Michael Arsenaeu designed the Avadi engine 20 years ago in the hopes of creating an entirely new engine design to be efficient as well as reduce emissions. In 2015, Avadi began the build and development.

Rotary might be a good name for this sort of engine, if the name wasn't already taken. Everything inside the crankcase rotates, but unlike a Wankel-style rotary engine, this design uses a piston with two connecting rods that have a scissor-like movement attached to pinion gears at the back of the engine.

All of this rotates on a fixed ring gear connected directly to the output shaft. It uses a valve disk that also rotates to complete a four-stroke cycle of intake, compression, combustion, and exhaust as everything rotates internally.

It's dizzying. Check it out:

According to Avadi's website, "two connecting rods and their corresponding pinion gears reside in what we call a 'halfshaft.'... the halfshaft can be likened to the heart of the Avadi design, it is essentially the housing where up-and-down piston motion is translated to rotational motion."

Unlike a Wankel rotary engine, the Avadi eliminates the traditional crankshaft entirely, as the cylinder and piston rotate within the case during its stroke. Everything very much looks and functions like what you'd see in a rear differential – if differentials had pistons connected to planetary gears.

Looking at it in motion does make me wonder if the low mechanical advantage from the connecting rods to the pinion gears might constitute a long-term reliability issue from the torsion factor on a narrow, short stroke. I also wonder how efficient it could potentially be with a better mechanical advantage in transferring the up-down motion from the piston to the rotation of the output shaft.

The prototype Avadi MA-250 engine completed
Avadi

Either way, Avadi demonstrated a prototype some years back. The MA-250 engine was producing 15.8 hp (11.8 kW) at 3,700 rpm and 22.3 lb-ft (30.24 nm) at 3,500 rpm weighing a mere 23.6 lb (10.7 kg) and 250 cc.

For comparison, the Honda GX240 single overhead cam commercial-grade 242-cc engine might suffice; it's around the same displacement and doesn't have a gearbox adding to its weight like a single-cylinder motorcycle engine would. It produces 8 hp (6 kW) at 3,600 rpm and 12 lb-ft (17 nm) of torque at 2,500 rpm, weighing in at a hefty 77.2 lb (35 kg).

Avadi claims a 42.12% brake thermal efficiency as well.
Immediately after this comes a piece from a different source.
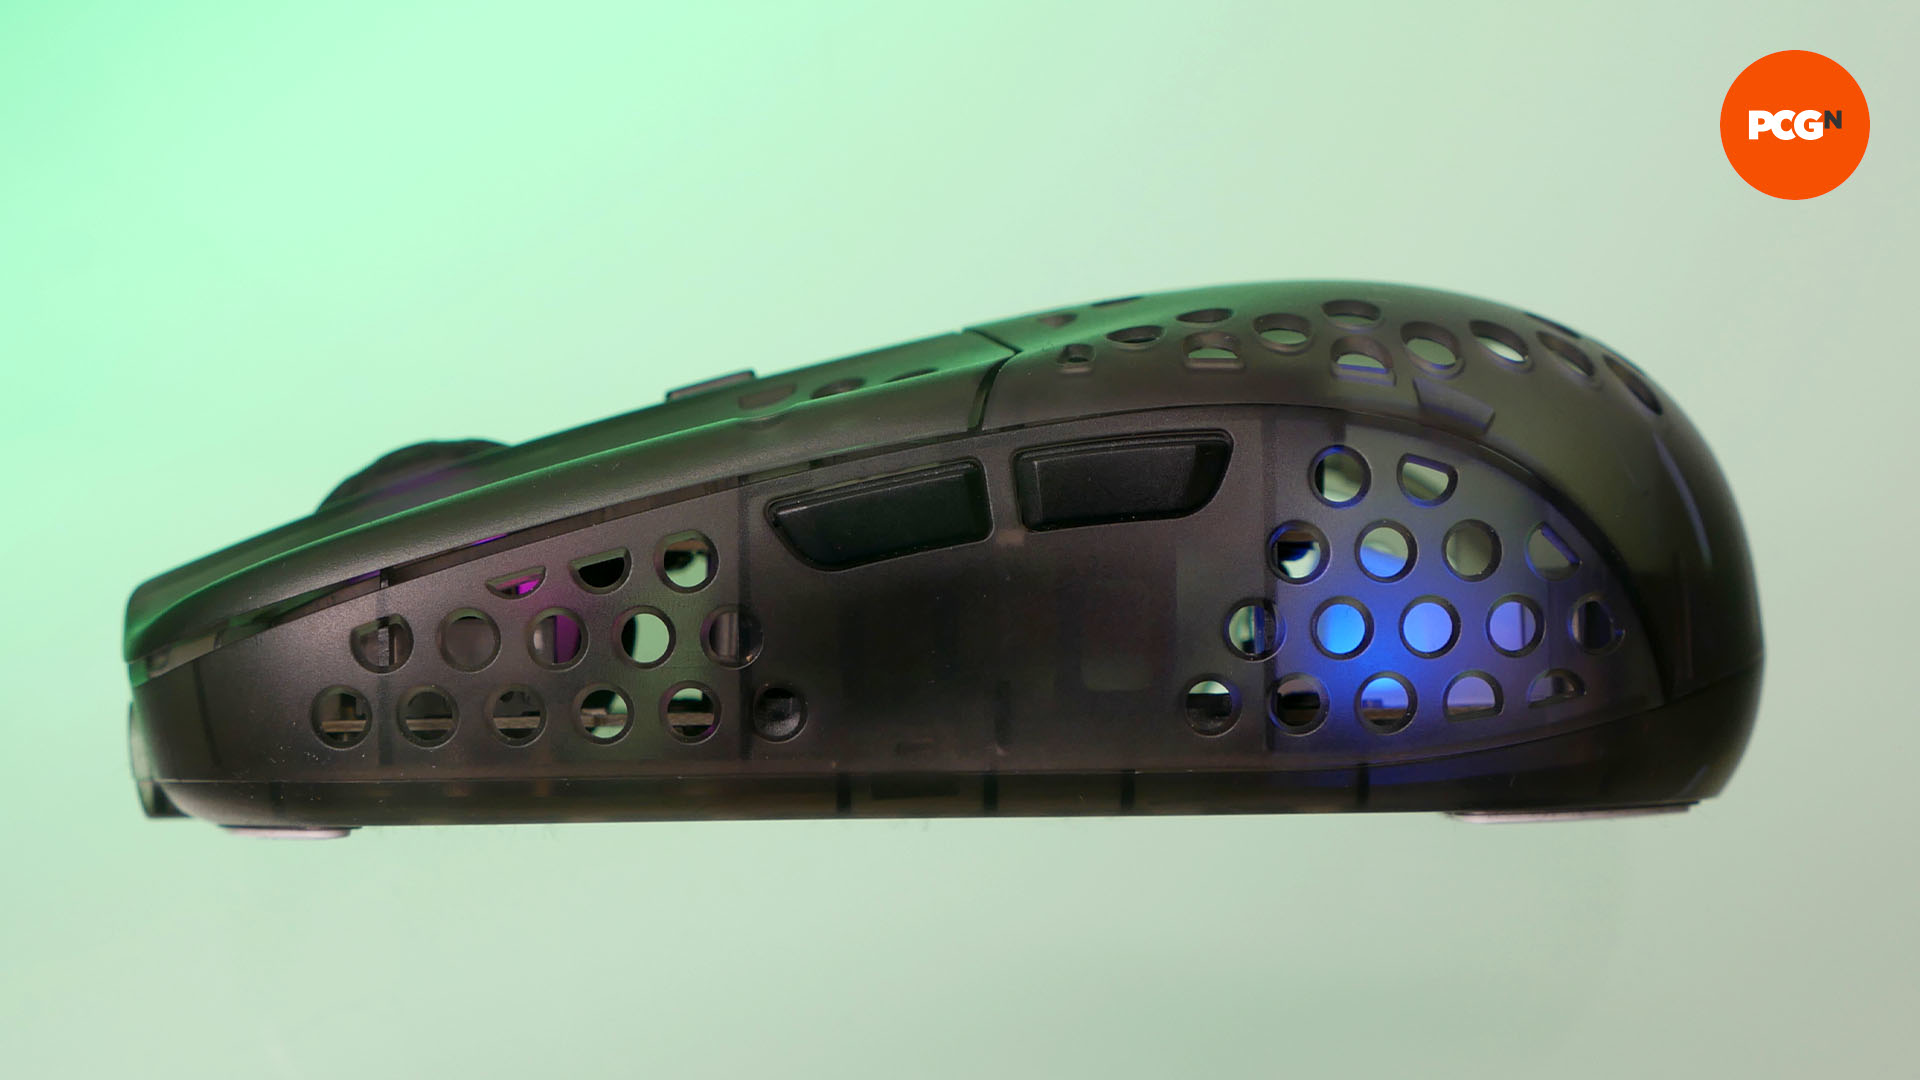 A side profile of the cherry xtrfy mz1 wireless mouse

To put that in context, Toyota celebrated a breakthrough when its 2.5-liter, 4-cylinder A25K-FKS engine got to 39% thermal efficiency, and typical gasoline engines come in at closer to 20% according to Green Car Reports.

Avadi MA-250 engine cutaway 3/4 view
Avadi

We say the prototype "was producing" those figures, because after Avadi made an appearance at CES in January of 2022, little has been heard from the small Washington, USA company. A single blog-style post on its website dated May 28th, 2023 tells us that Avadi has replaced Arsenaeu with Dimitrios Dardalis as Chief Technology Officer, and the rotary valve design had "unsurmountable deficiencies in airflow," which Avadi believes it has solved with a reworking of the valve design, which the company expected to demonstrate with a new prototype slated for testing by the end of 2023.

Rotary valve systems are not a new concept, having been used extensively in the 1970s in 2-stroke engine configurations. They were later dropped in favor of reed valves.

We reached out to CEO and Co-Founder, Landon Wilkinson, to see where things stand in June 2024. "The revised engine design is coming along nicely," replied Wilkinson. "We achieved positive compression results last week with the new valve design and anticipate run tests in the near future."

We look forward to the results. It's gotta be tough trying to break through into a rapidly electrifying world with a new combustion engine, but at the same time there's plenty of ICE engines out there, and there will be for some time yet.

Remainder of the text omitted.